Adventures in 3D Puzzle Printing

The past fifteen years have been a fruitful period for interlocking mechanical puzzles, with the online archive Puzzle Will Be Played now indexing over five thousand published designs. Unfortunately, the sheer breadth of the puzzle catalog ensures that only a tiny minority of designs are commercially available at any given time. This can be quite frustrating to the casual collector, or to those seeking out a specific puzzle, which (if it has been produced at all) may be quite difficult to obtain.

Over the past six months I've been exploring 3D printing as a solution to this problem, and found (somewhat to my surprise) that a vast range of puzzle designs - fully functional, and even aesthetically attractive - can be successfully realized with home 3D printers.
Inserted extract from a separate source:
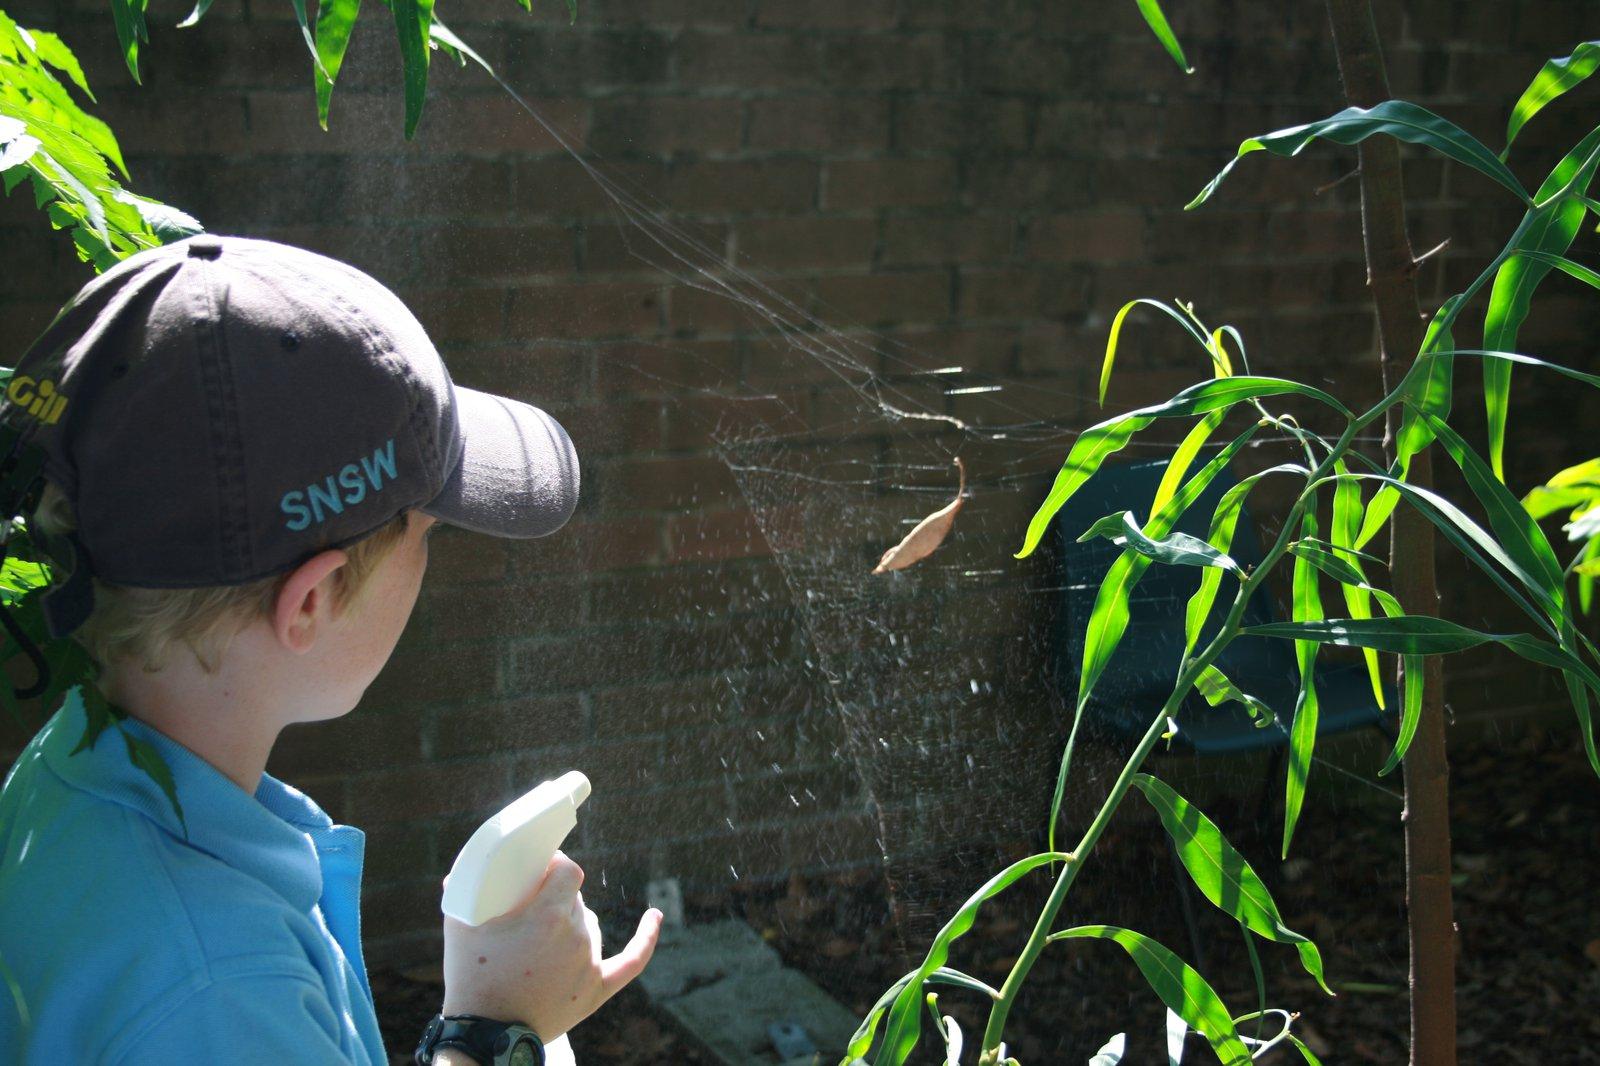 spraying leaf curl spider in Web2spider workshop spraying a leaf curl spider web

Figure 2. Yavuz Demirhan -
Nembus 2 (left); Knotty 6 (right)

What has most surprised me is the quality of output. No one will mistake 3D printed puzzles for artisan-made wood creations, but they are not throwaway prototypes either: they are smooth and precise, and a joy to play with. Best of all, they are fast and inexpensive to manufacture, and require no special skill to produce other than a basic understanding of 3D printer operation.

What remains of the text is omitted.